The switch hardware generates an interrupt to the switch firmware whenever a link alive 
state transition occurs on a port. If the interrupt, in step 83 of FIG. 2B, indicates that link alive is 
now present on a port, as determined in step 84, the switch will immediately send, in steps 70 
and 72, a "gather neighbor info" request on that port to expedite gathering neighbor information 
(i.e., the switch does not need to wait for the next periodic time interval to send the request).
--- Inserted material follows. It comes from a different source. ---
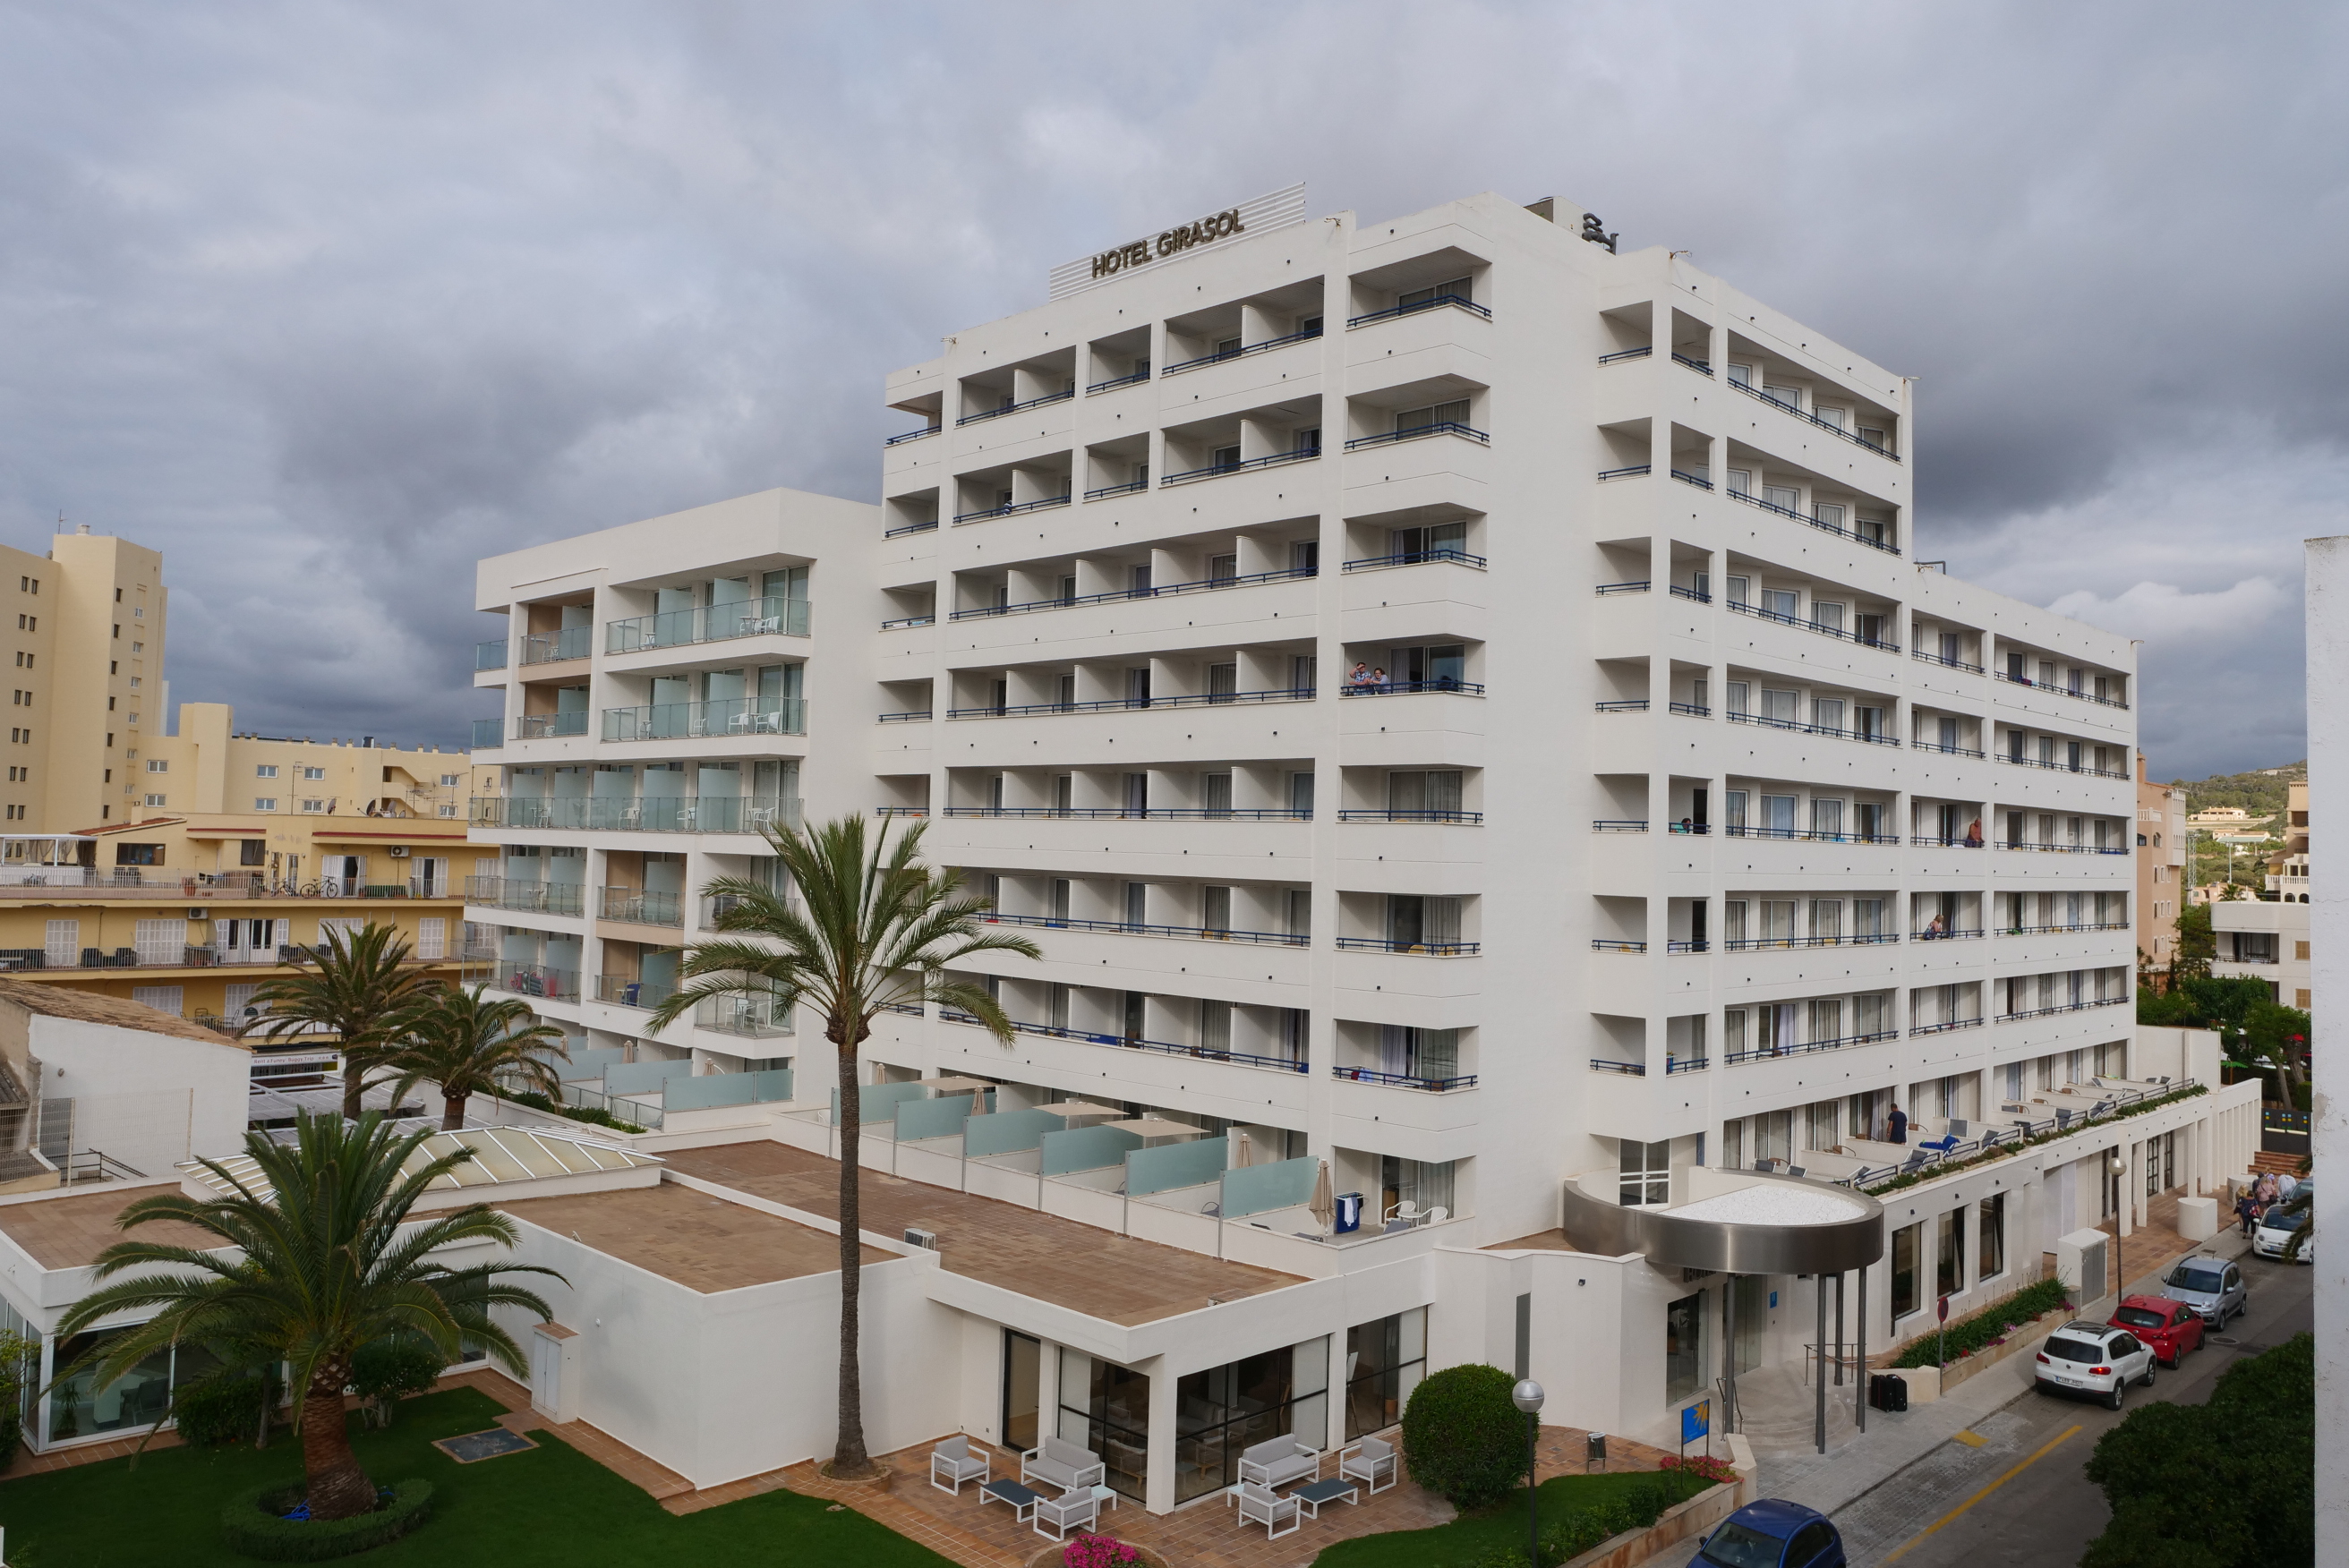 Hotel Girasol - Cala Millor, Majorca - On The Beach

If 
the interrupt indicates loss of link alive on a port, the port is automatically disabled, in step 86, 
for data traffic. (More details about the "keep alive" protocol used in ServerNet links can be 
found in U.S. Patent 5,574,849, which patent is hereby incorporated by reference into the present 
application.) 

The data 90 collected by the switch for a port from the port's neighbor is set forth in FIG. 
3. The data includes but is not limited to: the port number of the port's neighbor 92, the id of the 
fabric to which the port neighbor belongs 94, a global unique identification (GUID) number of 
the neighboring switch hardware 96, a manufacturing part number of the neighboring switch 
hardware 98, a version ID of the switch configuration file that is currently being used by the 
neighbor switch 100, a configuration tag of the switch configuration file that is currently being 
used by the neighbor switch including topological information such as a cluster topology ID and 
the position ID of the switch in said cluster topology 102, configuration major and minor 
revision numbers of the neighboring switch 104, a release version or version ID of the 
neighboring switch firmware 106, and firmware major and minor revision numbers of the 
neighboring switch 108. This information is used by the external fabric management process to 
determine the validity of a port connection in accordance with the present invention. 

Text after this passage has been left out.